Mailbag: Defining Reasonable Revenue Growth
Q: What kind of revenue growth is reasonable for a startup to demonstrate at the early stages?
A: As revenue grows, the absolute numbers get bigger but the percentages get smaller. Adding $200,000 onto $100,000 in revenue translates to a 200% increase. Adding $500,000 onto $1 million in revenue yields just a 50% increase.
As the numbers get bigger, growth and expectations should ratchet down.
But revenue growth can’t slow down too much. Seed-stage companies should still aim for at least 100% annual growth. Post-seed stage, 40% to 100% growth usually excites investors.

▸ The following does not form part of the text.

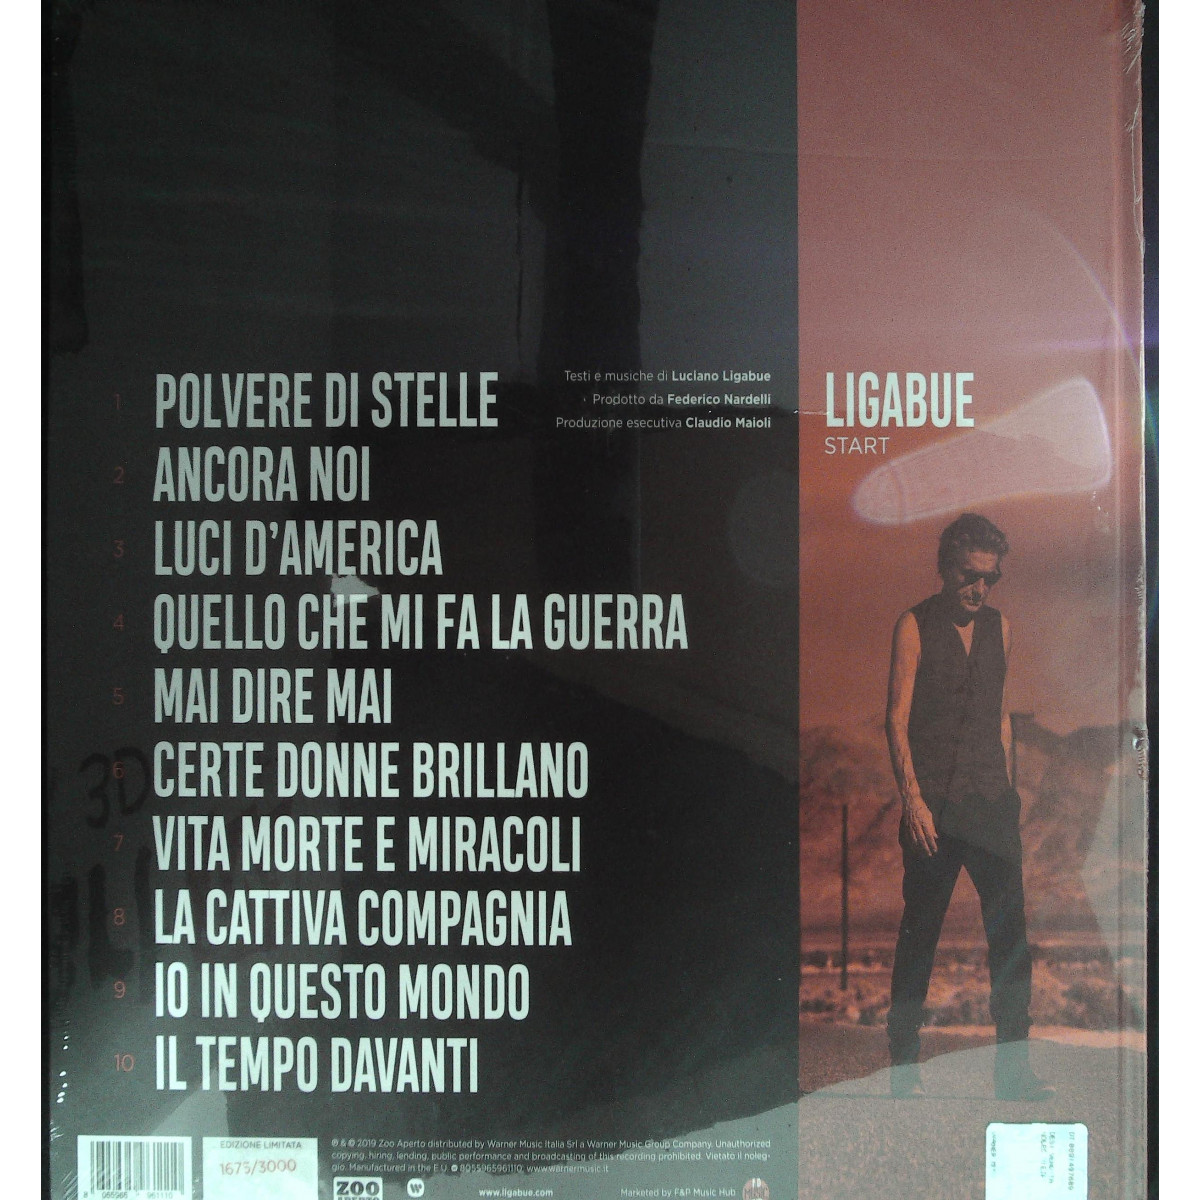 Ligabue Lp Vinile Rosso CD Photobook Start - Ed Limitata Numerata

For companies beyond Series B, I apply the Rule of 40. Revenue growth and profits should add up to 40. If a startup is making a 20% profit, it should grow its revenue by at least 20% (20 + 20). If its profit is in the red by 20%, it should grow its revenue by at least 60% (60 – 20). In other words, the further away from profit a startup is, the faster it should be growing revenue. The more profit it makes, the less important it is to show hypergrowth.
This is a very quick overview of a fairly complex subject. It doesn’t take into account the “quality” of the growth. What determines quality? The spend behind the growth. Order sizes getting larger, not smaller. Churn going down. Lifetime value of the customer going up. Customer satisfaction increasing. And much more.
Some sectors are expected to grow faster than others. Software firms should grow much faster than hardware ones. Viral growth is considered the highest-quality growth. High-spend growth, not so much. The hard metric of revenue growth can be sacrificed for improving a softer metric, such as increasing customer user experience.
Growth is complicated. Too often, hypergrowth is overvalued and the quality of growth is given short shrift. When looking at growth metrics, don’t jump to conclusions. Take the time to figure out if the rate of growth is conducive to the company’s long-term goals.
+ Andy Gordon, Co-Founder, Early Investing
Q: Why are most recent IPOs underperforming?
A: The essence of the problem is that companies are waiting far too long to go public. They have plenty of funding from venture capitalists and other private market investors, so they put off the IPO for far too long.
This is a serious problem because it means that most investors don’t even get a chance to get into these companies until they’re huge.
I explained this in-depth earlier this year in “The Disappearing Small Cap IPO.”
When a company IPOs today, most of the gains have already been made by private investors. In fact, the FASTER a company grows, the LATER it goes public.
Back when companies still regularly IPO’d early (usually well under $500 million), their early investors would be mutual funds, individual investors and institutional investors. Stocks like Microsoft, which increased from around $778 million at IPO to $915 billion today, created incredible wealth for public investors. And at the time, Microsoft was considered to have IPO’d very late.
That doesn’t happen much these days. By the time a company IPOs, it’s not even a small cap anymore. It’s a midcap or even a large cap stock. The hypergrowth phase is over.
It’s a sad situation, but fortunately I have a feeling that the WeWork disaster is going to start changing things. It will force companies to go public earlier and prove that they can withstand public market scrutiny.
At that point, investors will become suspicious of companies that continue to stay private at valuations over $5 billion. Why aren’t they going public? Do they have something to hide, like WeWork did?
This will open up more possibilities for average retail investors to get in on hot companies when they’re still growing. If Uber had gone public earlier, at a $1 billion valuation, its investors would still be thrilled because the company would have grown in value 56X since it IPO’d.